========================================
Exercises for Memory-Efficient Computing
========================================

Optimizing arithmetic expressions
=================================

1. Use script ``poly.py`` to check how much time it takes to evaluate
   the next polynomial::

    y = .25*x**3 + .75*x**2 - 1.5*x - 2

   with x in the range [-1, 1], and with 10 millions points.

   - Set the `what` parameter to "numexpr" and take note of the
     speed-up versus the "numpy" case.  Why do you think the speed-up
     is so large?

2. The expression below::

    y = ((.25*x + .75)*x - 1.5)*x - 2

   represents the same polynomial than the original one, but with some
   interesting side-effects in efficiency.  Repeat this computation for
   numpy and numexpr and get your own conclusions.

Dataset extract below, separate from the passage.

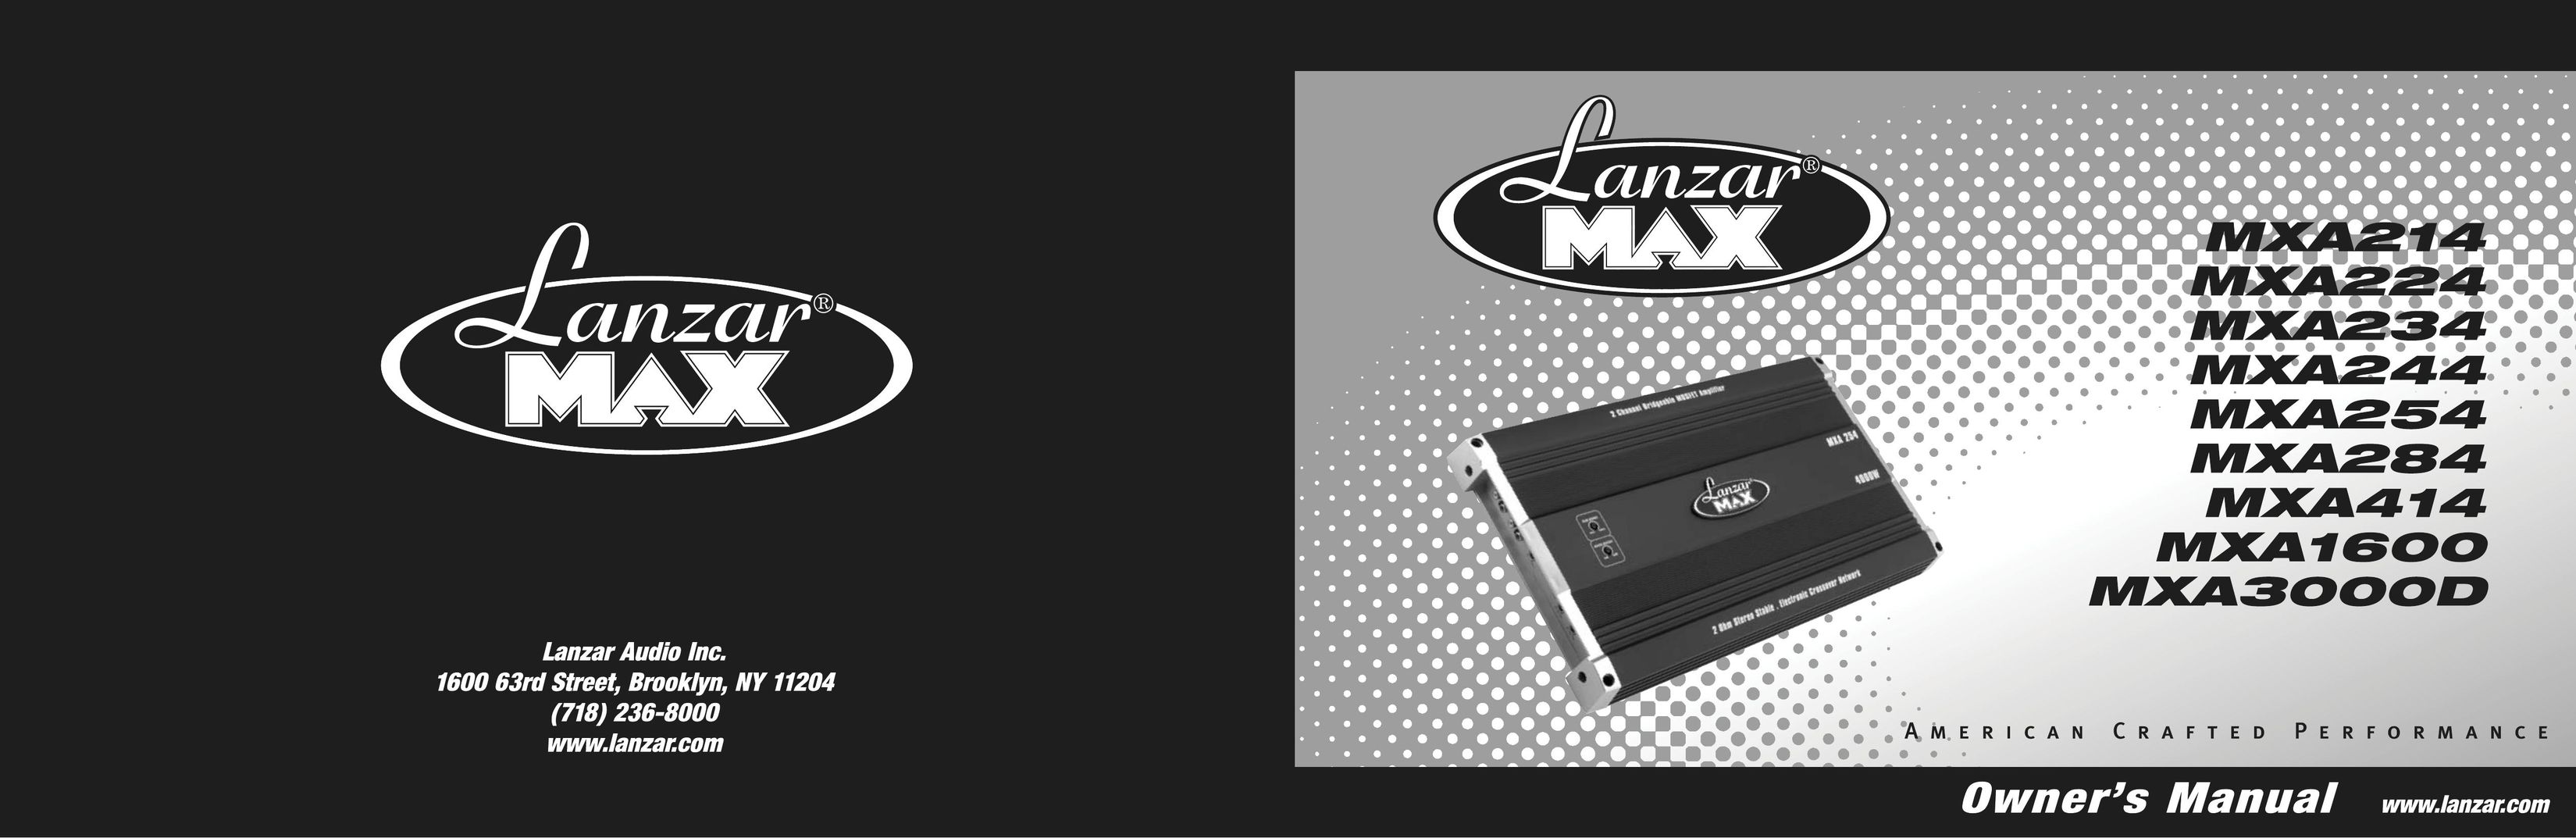 Lanzar Car Audio MXA214 Car Amplifier User Manual

   - Why do you think numpy is doing much more efficiently with this
     new expression?

   - Why the speed-up in numexpr is not so high in comparison?

   - Why numexpr continues to be faster than numpy?

3. The C program ``poly.c`` does the same computation than above, but
   in pure C.  Compile it like this::

    gcc -O3 -o poly poly.c -lm

   and execute it.

   - Why do you think it is more efficient than the above approaches?

Evaluating transcendental functions
================================

4. Activate the evaluation of the "sin(x)**2+cos(x)**2" expression in
   poly.py, a function that includes transcendental functions and run
   the script.

   - Why the difference in time between NumPy and Numexpr is so small?

5. In poly.c, comment out expression 2) (around line 53) and uncomment
   expression 4) (the transcendental function).

   - Do this pure C approach go faster than the Python-based ones?

   - What would be needed to accelerate the computations? 


Using Numba
===========

The goal of Numba is to compile arbitrarily complex Python code
on-the-flight and executing it for you.  It is fast, although one should
take in account the compile times.

6. Edit poly-numba.py and look at how numba works.

   - Run several expressions and determine which method is faster.  What
     is the compilation time for numba and how it compares with the
     execution time?

   - Raise the amount of data points to 100 millions.  What happens?



Parallelism
===========


7. Be sure that you are on a multi-processor machine and activate the::

    y = ((.25*x + .75)*x - 1.5)*x - 2

   expression in poly-mp.py.  Repeat the computation for both numpy and
   numexpr for a different number of processes (numpy) or threads
   (numexpr) (pass the desired number as a parameter to the script).

   - How the efficiency scales?

   - Why do you think it scales that way?

   - How performance compares with the pure C computation?

8. With the previous examples, compute the expression::

    y = x

   That is, do a simple copy of the `x` vector.  What's the
   performance that you are seeing?

   - How does it evolve when using different threads? Why it scales very
     similarly than the polynomial evaluation?

   - Could you have a guess at the memory bandwidth of this machine?